Nikki J. believes that distress, blaming the victim, and the emergency nature of the foster care system make it ripe picking for pedophiles. When asked how we can support teen girls in foster care Nikki J., her first recommendation is that caregivers and child welfare workers should believe children when they say they have been sexually abused.  She believes that many children (herself included) do not tell about the abuse they endure because of the guilt and shame they experience and also because of the fear of being ignored or not believed. 

 

Nikki J. has experienced personally and seen firsthand in the youth she has worked with that there needs to be more emphasis on independent living skills before youth age out of foster care.  Because of trauma and instability, teens are very often unprepared to live successfully on their own after they exit the foster care system. The outcomes can be tragic.

 

Nikki J. is a woman with a vision on a mission whose testimony is that God will never leave you or forsake you.  She is using her life to change lives.

 

 

As we host our 6th Annual Pack A Purse Drive™ in December 2012, we will use the Teen Toolbox blog as a platform to spread inspiration and hope by highlighting the triumphs of successful women foster care alumni

 

Nicki Sanders, MSW, Chief Visionary Officer

The Teen Toolbox provides youth portfolio development and civic engagement and academic empowerment strategies to help teens set goals for life after high school and create a road map to reach those goals through its PACKAGED FOR SUCCESS™ Programs.  We are committed to supporting and raising awareness about the needs and potential of teenagers in the foster care system. 

 

 

Comments 5

  • All to often I hear stories about the lives of people that were unable to beat the odds against them, stories if people that the system has failed them, and/or stories of people that never were able to heal from wounds of childhood. Reading a story that is so uplifting and pours hope into the lives of those who still have a chance at life is so inspiring. Thank you for sharing your story.
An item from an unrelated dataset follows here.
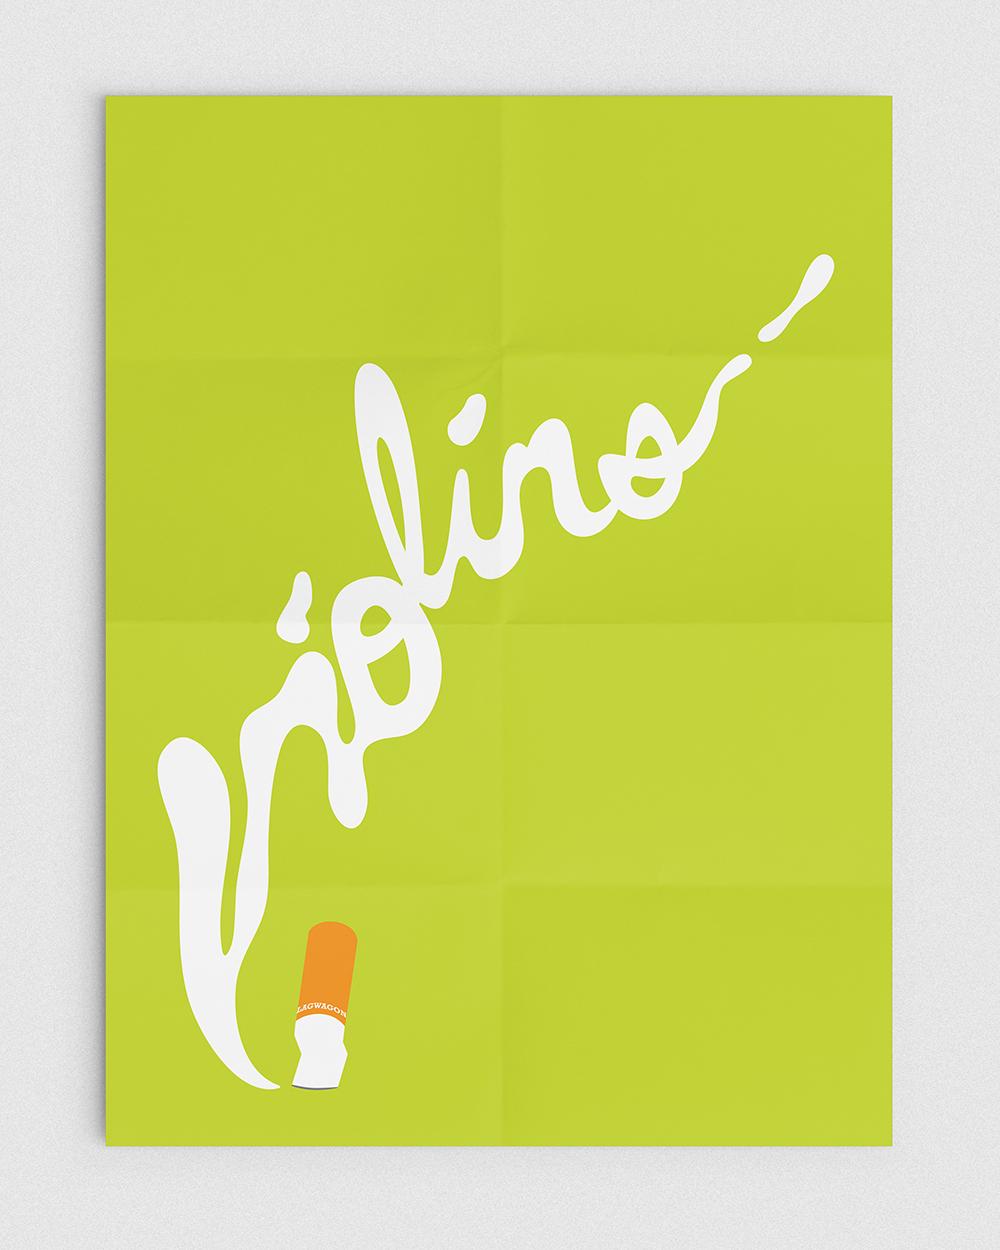 Violin_Poster_Mockup.jpg
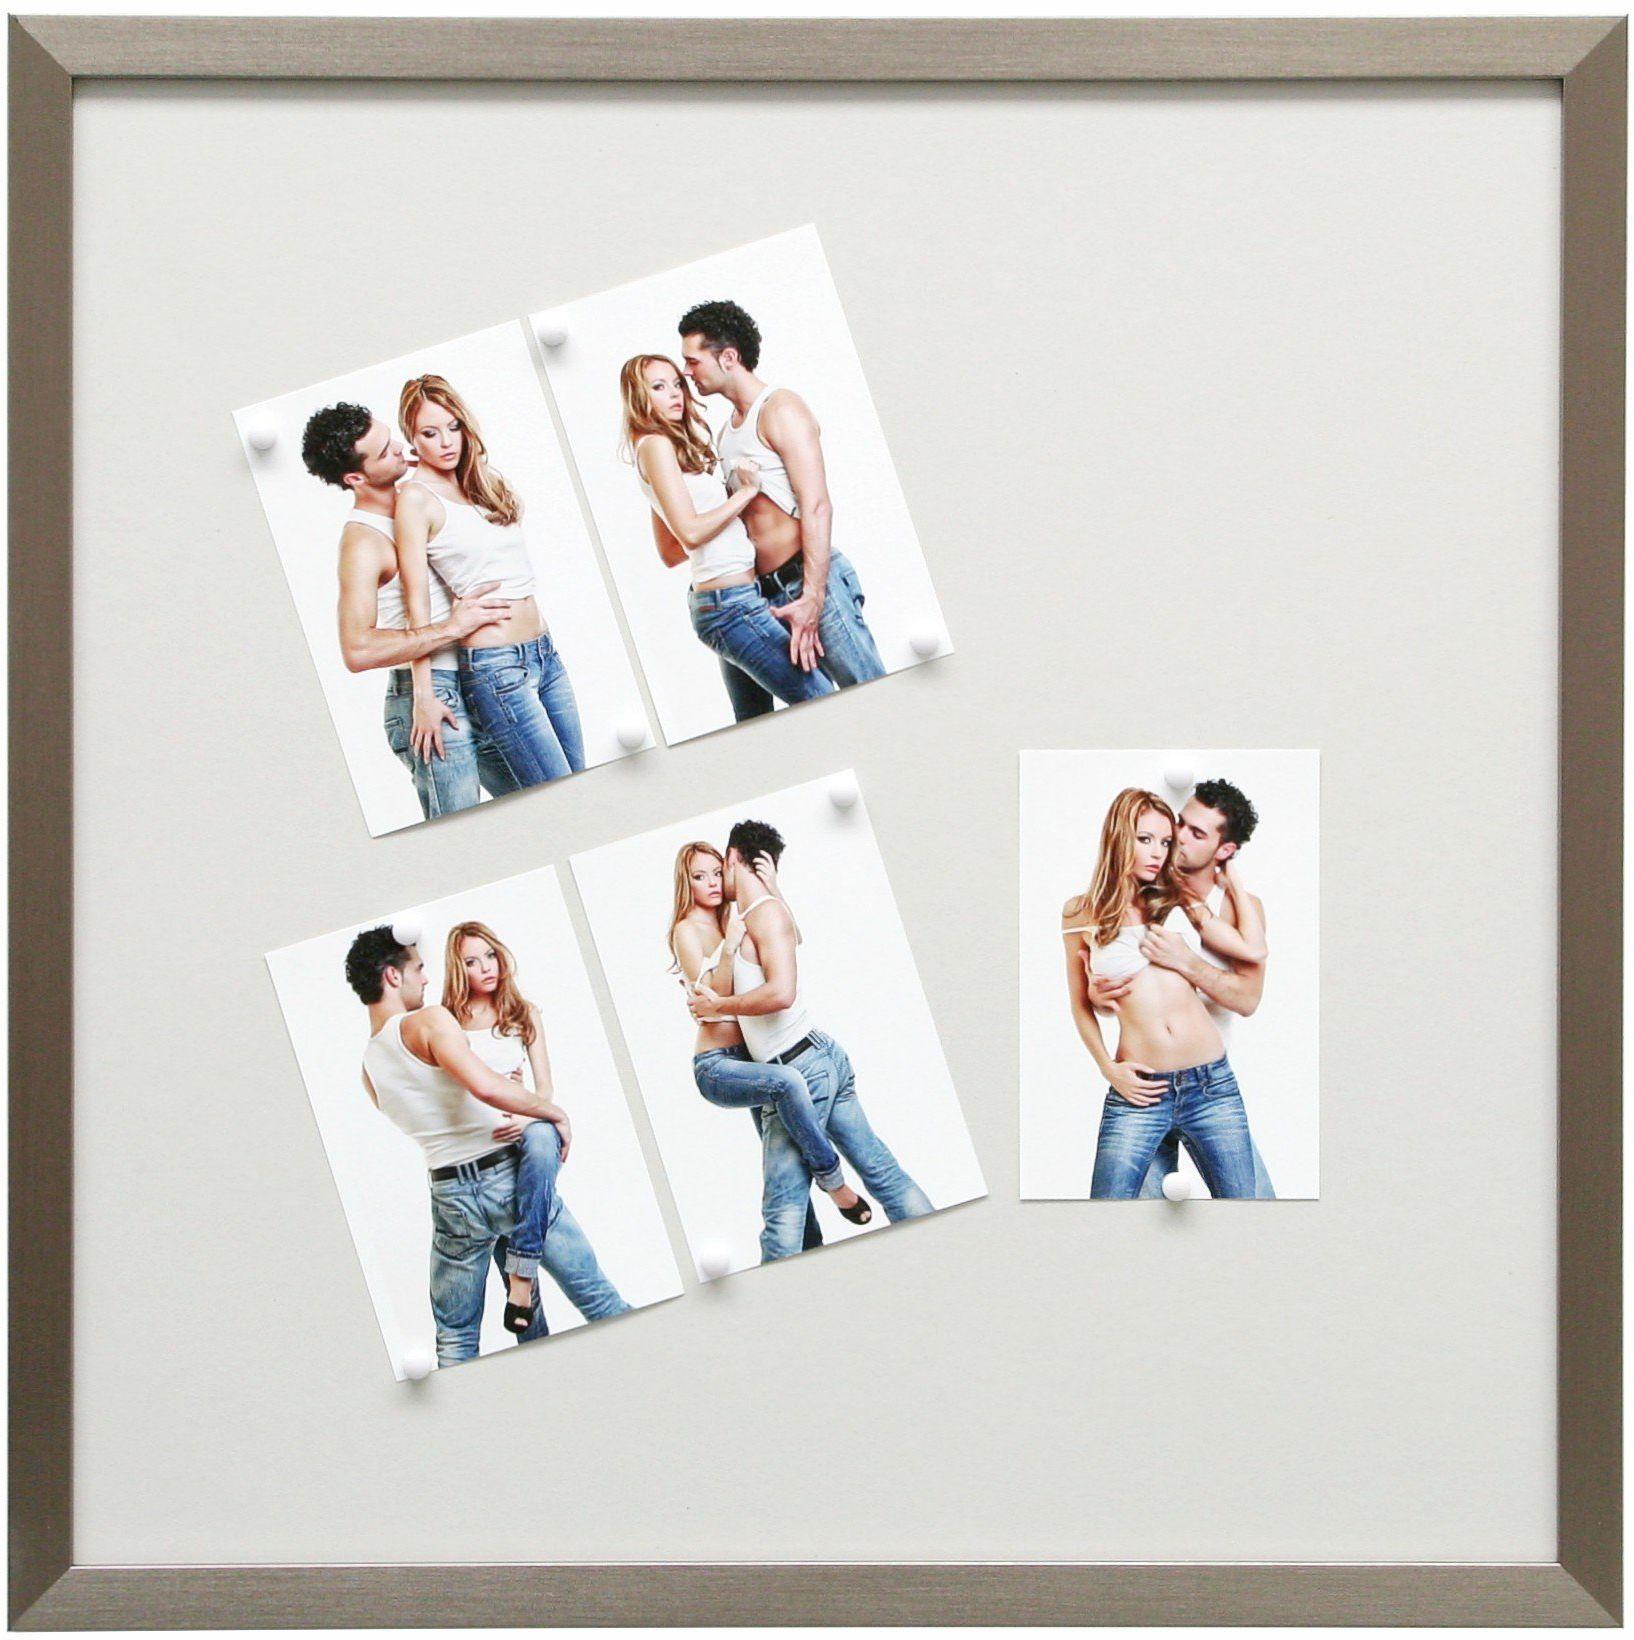 Deknudt Frames S41VD1-M-50.0x50.0 tablica magnetyczna srebrna żywica z 10 magnesami biała 54,6 x 54,6 x 1,6 cm

    • Glori, thank you for reading and sharing how the testimony impacted you. I too am inspired by the strength and dedication of the women who are making the world a better place by raising their voices.

  • First I want to thank you for sharing your story and empowering our youth to strive for excellence. My name is Margarita Davis-Boyer I am the older youth services coordinator for DHS Department of Human Services in Philadelphia. I service youth ages 14-21 who are in foster care. I must say that your testimony is excellent in addition to your vision and mission. I am inquiring if our youth who are in foster care can benefit from hearing you speak, etc? Many of our youth have overcome obstacles of physical abuse, sexual abuse, mental abuse, verbal abuse, neglect, etc.
    Our youth attend a center which is the Achieving Independence Center located in down town Philadelphia. We provide services for youth to have better outcomes when they age out of care due to several statistics showing that youth who age out of care become homeless, incarcerated, etc. Our mission is important to me because I actually was in foster care myself and have adopted my younger sister out of care.

    Again if we could consult on a way for our youth to benefit from your empowering story and success that would be great!

    • Margarita, I am grateful that you were inspired by Nikki’s story. I am even more appreciative that this blog has been a catalyst for connecting others who also work to improve the lives of youth in foster care. If there is any way that I can also be of service to your youth and staff please don’t hesitate to contact me. Nikki, you are awesome!

  • Thank you Glori. I am thankful that my story is able to bring hope to others.